-- How to complete this task --
Under this line is a listing; return exactly the lines starting at the one with "Mango jurk van geribde stof bruin, Bruin" and running down to the one with "怪しいジャズの再生済みの波形", and leave out its pictures.

-- Data excerpts --
----------------------------------------

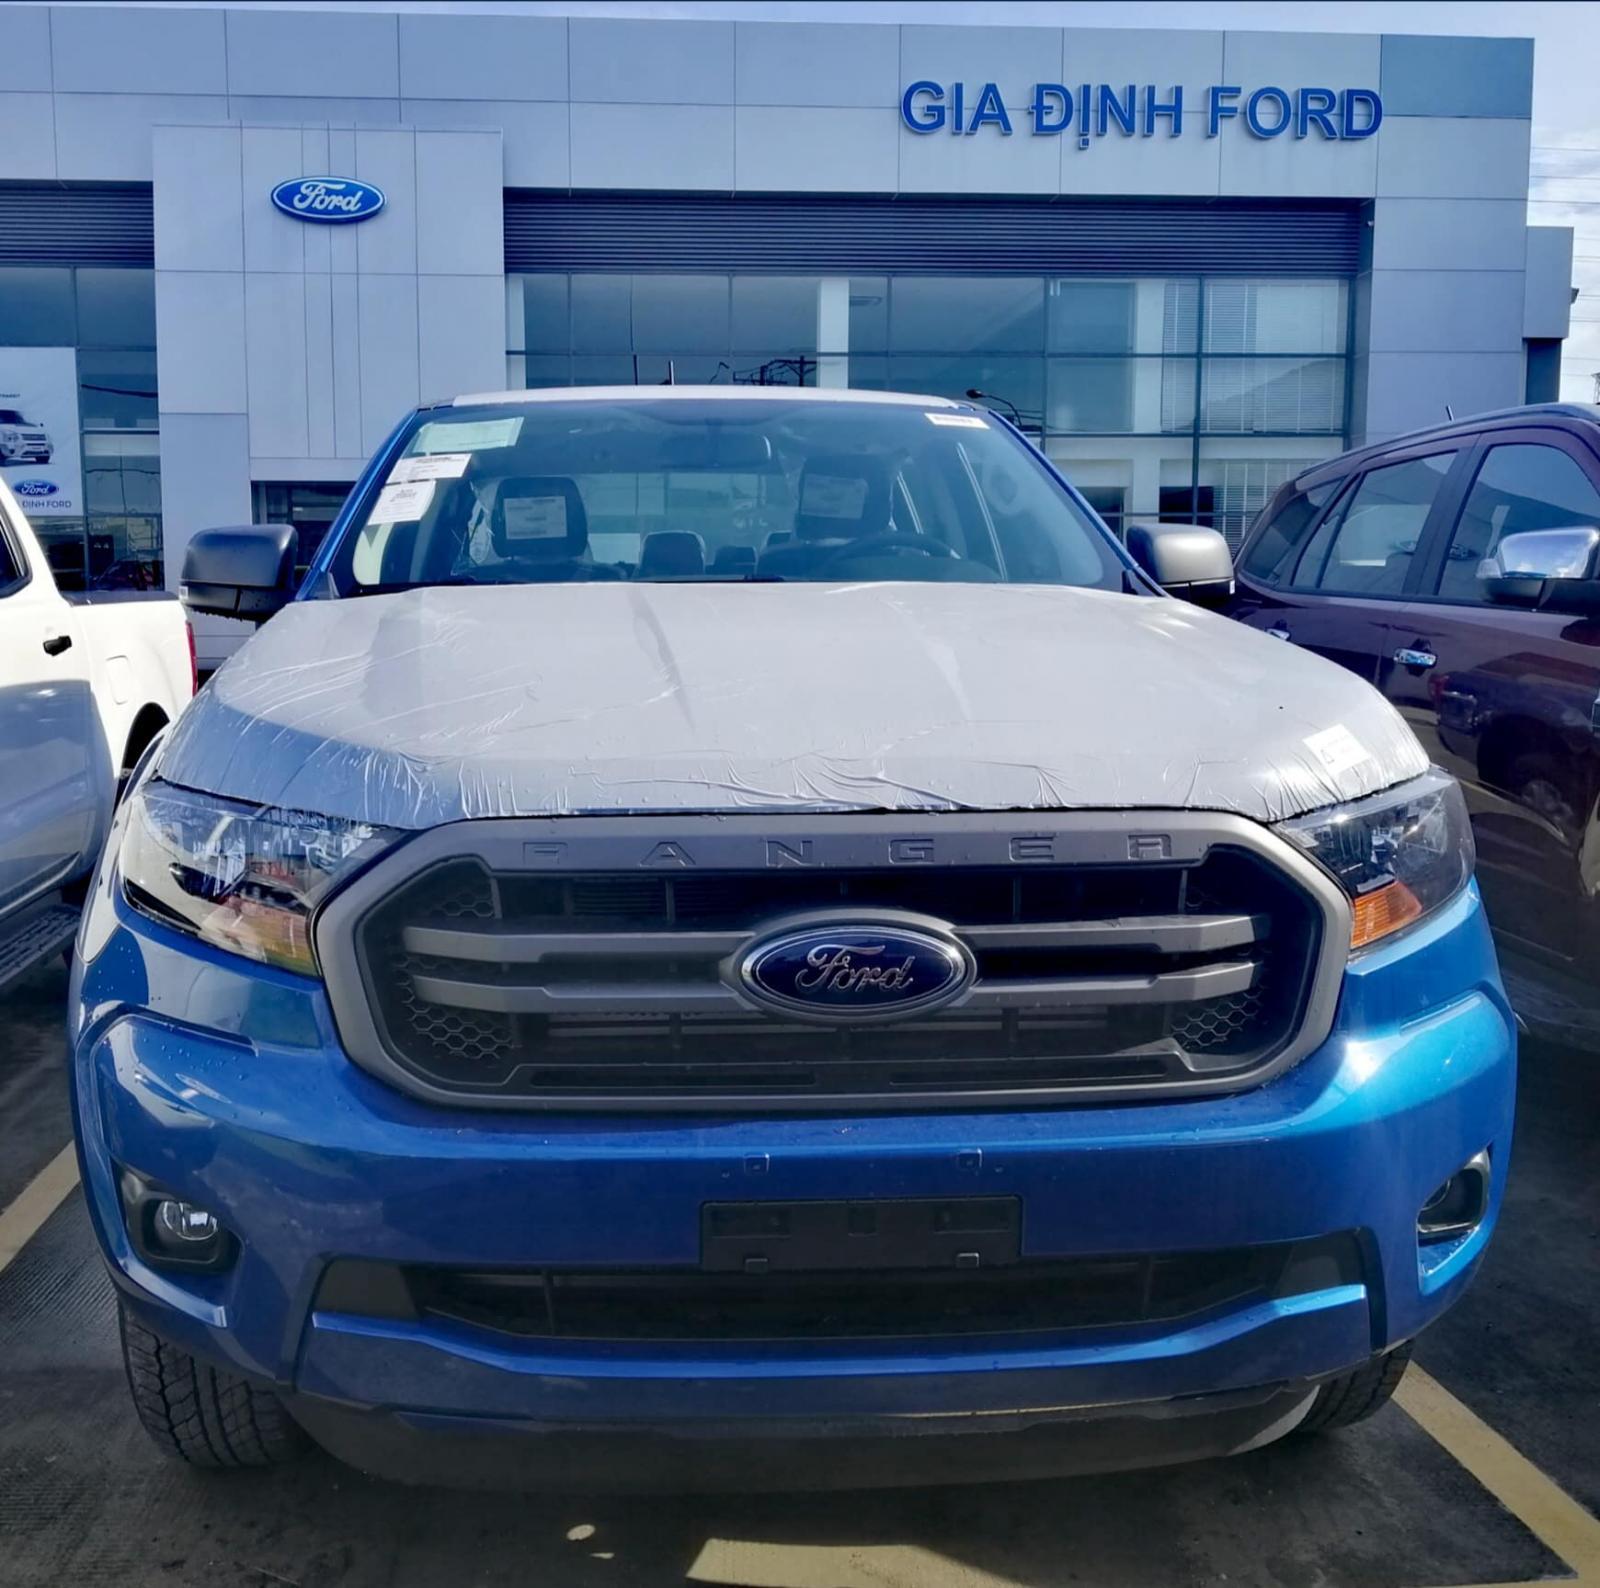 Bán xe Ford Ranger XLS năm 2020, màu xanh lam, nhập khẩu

----------------------------------------

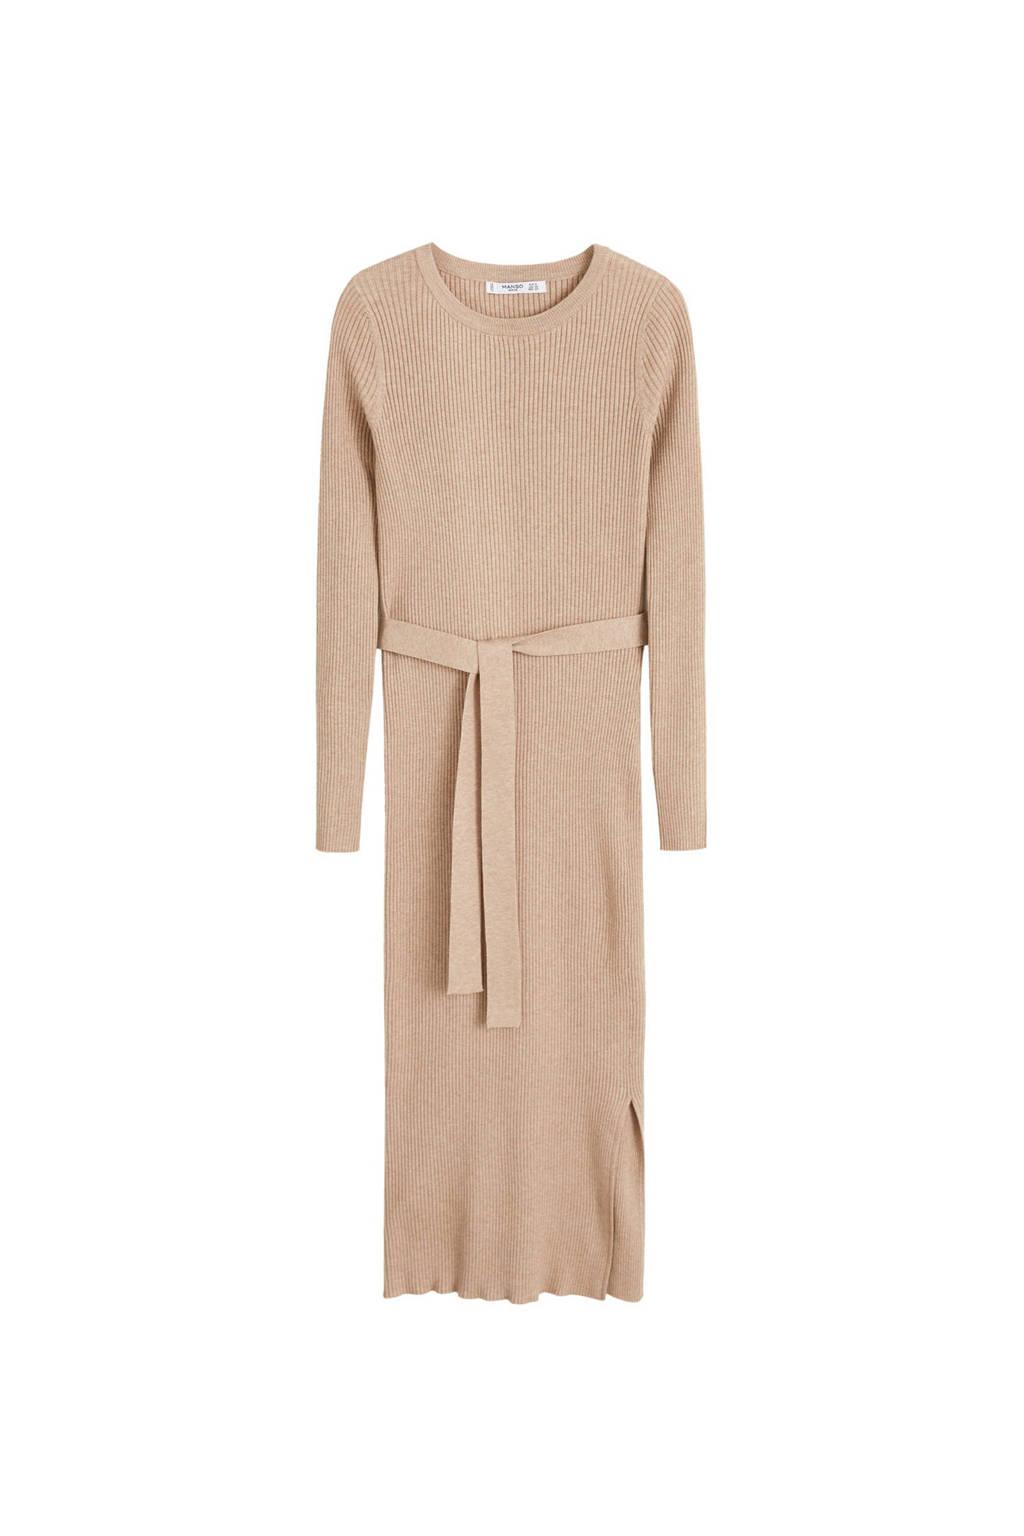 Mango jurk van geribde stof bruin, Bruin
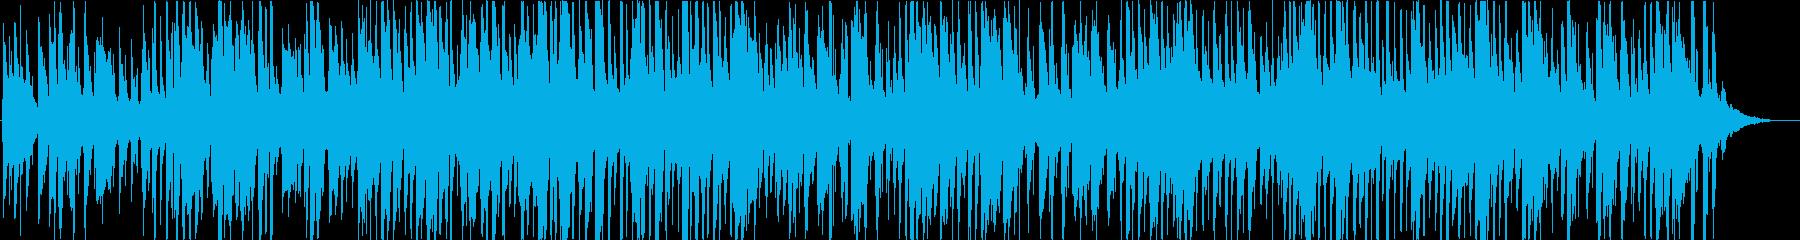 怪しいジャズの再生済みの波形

----------------------------------------

-- Task output --
 Mango jurk van geribde stof bruin, Bruin
 怪しいジャズの再生済みの波形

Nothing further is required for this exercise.